The first and most obvious thing is this: if a program writes the code, then you won't have to. This is advantageous because there might be a lot of code to write. With a lot of complicated cases. And a program can make sure that each case is correct. So you won't have to. All you have to make sure of is that the program that analyzes the cases will get the right answer in each case.

The second advantage happens when you are generating a lower-level language. The program can see to all the details. This is useful when optimizing something. Lower-level languages are inherently more efficient because they are closer to the machine they run on. There is no hidden complexity. Each instruction is atomic. If you have to break each operation into smaller operations, the program can do it slavishly for you. This is the reason that people write compilers.

The third and most important advantage is also useful to you. To fix bugs, even those occurring in several cases, you only have to change the program that writes the code, not all the cases. This turns out to be characteristic of the code-writing-code process. Each bug in the generated code can be attacked one-by-one in the generating code. And eventually a perfectly correct program is the result. This can be done without tediously fixing each case in the generated code one at a time. Actually, many cases in the generated code can come from one part of the program, so a single bug fix in the generating program can fix several bugs in the generated program. This illustrates the power of this approach.

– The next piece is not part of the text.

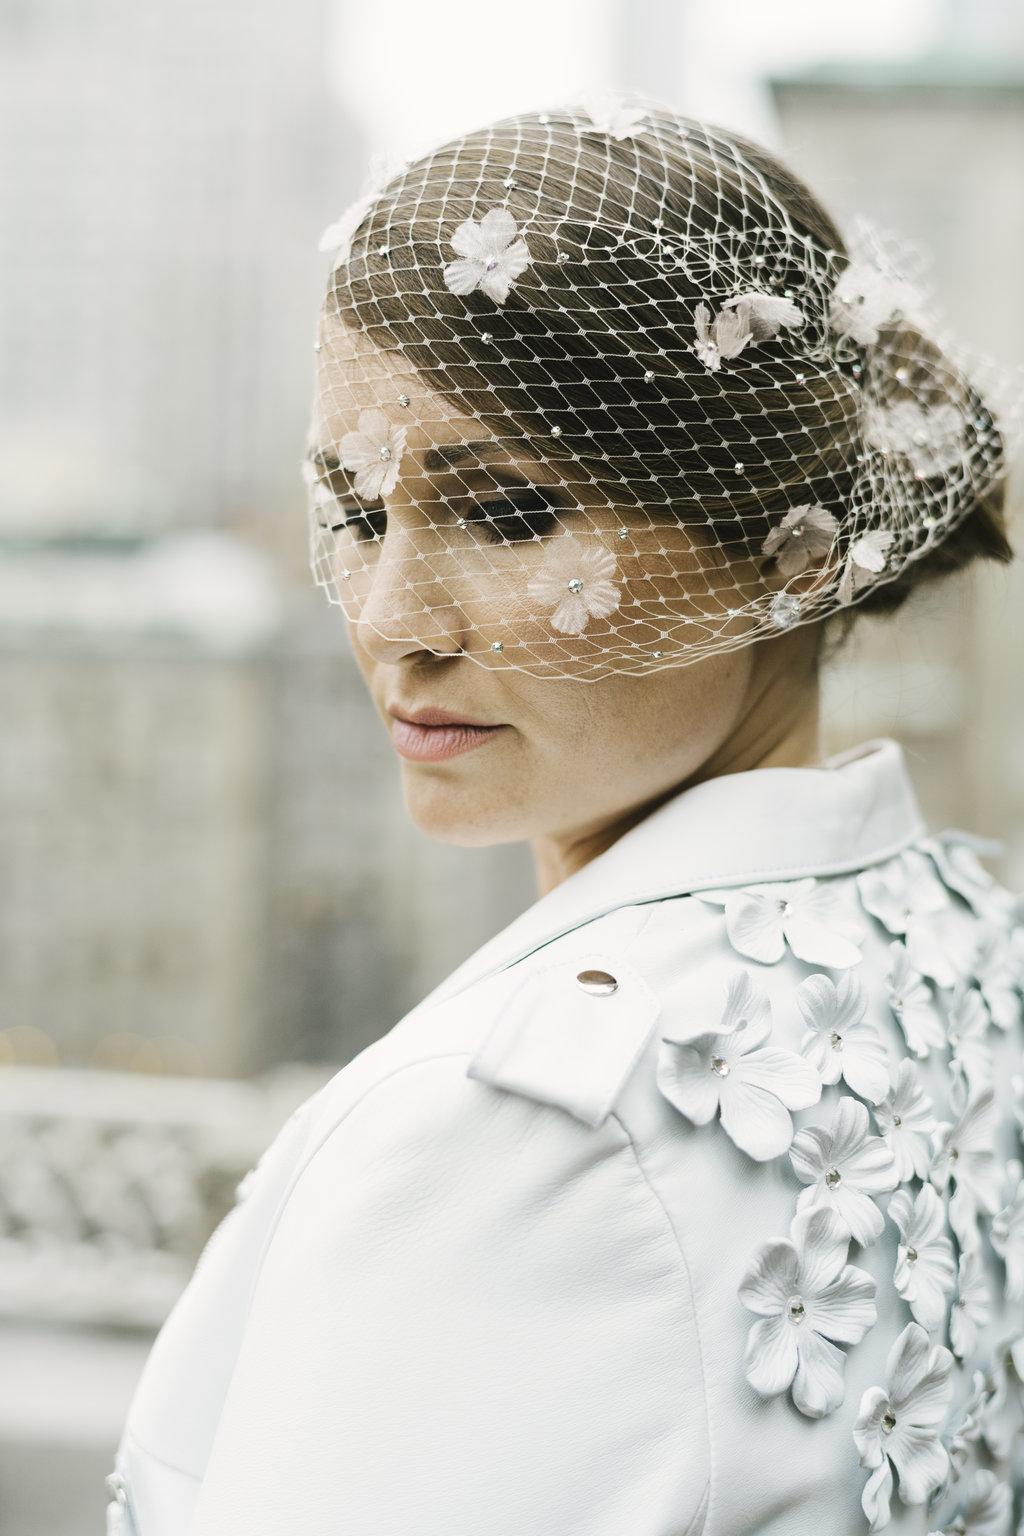 Nathalie Kraynina Bride At The Big Fake WeddingAliciaKingPhotographyBigFakeWedding279.jpg

What language should you use? You have two choices to make. First, you choose a language to write the generating program in. This is usually a high-level language. One that you can work in with extreme freedom and ease. This can be something as utilitarian as C or ripe in data structures like C++. It can also be Python, a common choice nowadays. The second choice is the language used for the program you are generating. This should generally be chosen for its efficiency. Sometimes you do not have a choice. For instance, I have written code that generates programs in various forms of assembler, in C, in fragment shaders, and in OpenCL.